- WHAT YOU NEED TO DO
A word-for-word transcription of the records is required.
[THE DATA Boundary: Start]
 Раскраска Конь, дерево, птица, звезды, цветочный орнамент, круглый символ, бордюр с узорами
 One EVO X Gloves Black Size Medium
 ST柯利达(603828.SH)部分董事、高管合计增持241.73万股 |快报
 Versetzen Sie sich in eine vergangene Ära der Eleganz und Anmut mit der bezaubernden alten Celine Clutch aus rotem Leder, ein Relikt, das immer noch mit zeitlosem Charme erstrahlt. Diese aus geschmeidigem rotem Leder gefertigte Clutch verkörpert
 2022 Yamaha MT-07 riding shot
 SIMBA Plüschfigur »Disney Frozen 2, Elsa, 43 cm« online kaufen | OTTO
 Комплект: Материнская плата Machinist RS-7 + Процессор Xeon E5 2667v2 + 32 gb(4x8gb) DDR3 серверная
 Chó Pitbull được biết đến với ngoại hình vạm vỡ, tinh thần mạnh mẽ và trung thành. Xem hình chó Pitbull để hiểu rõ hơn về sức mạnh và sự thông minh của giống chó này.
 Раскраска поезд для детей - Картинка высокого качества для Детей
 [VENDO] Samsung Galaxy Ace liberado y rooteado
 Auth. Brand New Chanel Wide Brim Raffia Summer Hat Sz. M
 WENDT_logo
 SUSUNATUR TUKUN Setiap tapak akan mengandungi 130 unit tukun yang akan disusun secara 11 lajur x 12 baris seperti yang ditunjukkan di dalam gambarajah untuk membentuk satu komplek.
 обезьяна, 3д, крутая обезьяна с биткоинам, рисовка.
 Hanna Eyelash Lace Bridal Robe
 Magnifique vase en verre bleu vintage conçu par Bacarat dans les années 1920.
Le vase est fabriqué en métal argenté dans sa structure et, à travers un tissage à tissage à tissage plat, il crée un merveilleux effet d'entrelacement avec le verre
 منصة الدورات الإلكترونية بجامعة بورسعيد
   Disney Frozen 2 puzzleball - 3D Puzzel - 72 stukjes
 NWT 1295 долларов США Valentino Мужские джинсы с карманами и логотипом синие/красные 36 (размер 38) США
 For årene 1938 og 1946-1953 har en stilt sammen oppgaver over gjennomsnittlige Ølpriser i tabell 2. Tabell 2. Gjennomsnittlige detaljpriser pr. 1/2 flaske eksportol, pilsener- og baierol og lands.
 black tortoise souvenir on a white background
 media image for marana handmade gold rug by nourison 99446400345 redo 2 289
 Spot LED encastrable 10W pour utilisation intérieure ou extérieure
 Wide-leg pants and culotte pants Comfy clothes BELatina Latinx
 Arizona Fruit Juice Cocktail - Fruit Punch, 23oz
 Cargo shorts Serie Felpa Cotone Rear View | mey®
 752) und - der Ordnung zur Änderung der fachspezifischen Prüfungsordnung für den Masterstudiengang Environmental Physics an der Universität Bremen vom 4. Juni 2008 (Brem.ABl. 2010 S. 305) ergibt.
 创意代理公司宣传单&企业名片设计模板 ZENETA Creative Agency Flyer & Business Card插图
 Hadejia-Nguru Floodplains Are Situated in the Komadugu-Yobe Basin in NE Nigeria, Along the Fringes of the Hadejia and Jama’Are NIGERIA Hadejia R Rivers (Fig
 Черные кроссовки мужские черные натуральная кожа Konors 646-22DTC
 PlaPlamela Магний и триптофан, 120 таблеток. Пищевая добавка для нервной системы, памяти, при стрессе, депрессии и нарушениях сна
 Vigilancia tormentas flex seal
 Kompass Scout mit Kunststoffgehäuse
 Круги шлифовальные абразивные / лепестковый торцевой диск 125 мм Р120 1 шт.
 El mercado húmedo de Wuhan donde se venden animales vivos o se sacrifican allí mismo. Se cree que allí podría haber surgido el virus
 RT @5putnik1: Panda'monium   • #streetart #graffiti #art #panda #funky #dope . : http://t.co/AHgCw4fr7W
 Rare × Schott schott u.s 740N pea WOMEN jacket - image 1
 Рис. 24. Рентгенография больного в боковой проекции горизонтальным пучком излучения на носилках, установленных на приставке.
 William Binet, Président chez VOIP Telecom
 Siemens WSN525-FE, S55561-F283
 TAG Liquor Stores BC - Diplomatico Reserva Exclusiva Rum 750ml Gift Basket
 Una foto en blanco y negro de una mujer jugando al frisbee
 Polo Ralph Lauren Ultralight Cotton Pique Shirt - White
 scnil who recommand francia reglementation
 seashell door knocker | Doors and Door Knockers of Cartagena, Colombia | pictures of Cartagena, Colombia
[THE DATA Boundary: End]
- REPLY TO THE EXERCISE
 Раскраска Конь, дерево, птица, звезды, цветочный орнамент, круглый символ, бордюр с узорами
 One EVO X Gloves Black Size Medium
 ST柯利达(603828.SH)部分董事、高管合计增持241.73万股 |快报
 Versetzen Sie sich in eine vergangene Ära der Eleganz und Anmut mit der bezaubernden alten Celine Clutch aus rotem Leder, ein Relikt, das immer noch mit zeitlosem Charme erstrahlt. Diese aus geschmeidigem rotem Leder gefertigte Clutch verkörpert
 2022 Yamaha MT-07 riding shot
 SIMBA Plüschfigur »Disney Frozen 2, Elsa, 43 cm« online kaufen | OTTO
 Комплект: Материнская плата Machinist RS-7 + Процессор Xeon E5 2667v2 + 32 gb(4x8gb) DDR3 серверная
 Chó Pitbull được biết đến với ngoại hình vạm vỡ, tinh thần mạnh mẽ và trung thành. Xem hình chó Pitbull để hiểu rõ hơn về sức mạnh và sự thông minh của giống chó này.
 Раскраска поезд для детей - Картинка высокого качества для Детей
 [VENDO] Samsung Galaxy Ace liberado y rooteado
 Auth. Brand New Chanel Wide Brim Raffia Summer Hat Sz. M
 WENDT_logo
 SUSUNATUR TUKUN Setiap tapak akan mengandungi 130 unit tukun yang akan disusun secara 11 lajur x 12 baris seperti yang ditunjukkan di dalam gambarajah untuk membentuk satu komplek.
 обезьяна, 3д, крутая обезьяна с биткоинам, рисовка.
 Hanna Eyelash Lace Bridal Robe
 Magnifique vase en verre bleu vintage conçu par Bacarat dans les années 1920.
Le vase est fabriqué en métal argenté dans sa structure et, à travers un tissage à tissage à tissage plat, il crée un merveilleux effet d'entrelacement avec le verre
 منصة الدورات الإلكترونية بجامعة بورسعيد
   Disney Frozen 2 puzzleball - 3D Puzzel - 72 stukjes
 NWT 1295 долларов США Valentino Мужские джинсы с карманами и логотипом синие/красные 36 (размер 38) США
 For årene 1938 og 1946-1953 har en stilt sammen oppgaver over gjennomsnittlige Ølpriser i tabell 2. Tabell 2. Gjennomsnittlige detaljpriser pr. 1/2 flaske eksportol, pilsener- og baierol og lands.
 black tortoise souvenir on a white background
 media image for marana handmade gold rug by nourison 99446400345 redo 2 289
 Spot LED encastrable 10W pour utilisation intérieure ou extérieure
 Wide-leg pants and culotte pants Comfy clothes BELatina Latinx
 Arizona Fruit Juice Cocktail - Fruit Punch, 23oz
 Cargo shorts Serie Felpa Cotone Rear View | mey®
 752) und - der Ordnung zur Änderung der fachspezifischen Prüfungsordnung für den Masterstudiengang Environmental Physics an der Universität Bremen vom 4. Juni 2008 (Brem.ABl. 2010 S. 305) ergibt.
 创意代理公司宣传单&企业名片设计模板 ZENETA Creative Agency Flyer & Business Card插图
 Hadejia-Nguru Floodplains Are Situated in the Komadugu-Yobe Basin in NE Nigeria, Along the Fringes of the Hadejia and Jama’Are NIGERIA Hadejia R Rivers (Fig
 Черные кроссовки мужские черные натуральная кожа Konors 646-22DTC
 PlaPlamela Магний и триптофан, 120 таблеток. Пищевая добавка для нервной системы, памяти, при стрессе, депрессии и нарушениях сна
 Vigilancia tormentas flex seal
 Kompass Scout mit Kunststoffgehäuse
 Круги шлифовальные абразивные / лепестковый торцевой диск 125 мм Р120 1 шт.
 El mercado húmedo de Wuhan donde se venden animales vivos o se sacrifican allí mismo. Se cree que allí podría haber surgido el virus
 RT @5putnik1: Panda'monium   • #streetart #graffiti #art #panda #funky #dope . : http://t.co/AHgCw4fr7W
 Rare × Schott schott u.s 740N pea WOMEN jacket - image 1
 Рис. 24. Рентгенография больного в боковой проекции горизонтальным пучком излучения на носилках, установленных на приставке.
 William Binet, Président chez VOIP Telecom
 Siemens WSN525-FE, S55561-F283
 TAG Liquor Stores BC - Diplomatico Reserva Exclusiva Rum 750ml Gift Basket
 Una foto en blanco y negro de una mujer jugando al frisbee
 Polo Ralph Lauren Ultralight Cotton Pique Shirt - White
 scnil who recommand francia reglementation
 seashell door knocker | Doors and Door Knockers of Cartagena, Colombia | pictures of Cartagena, Colombia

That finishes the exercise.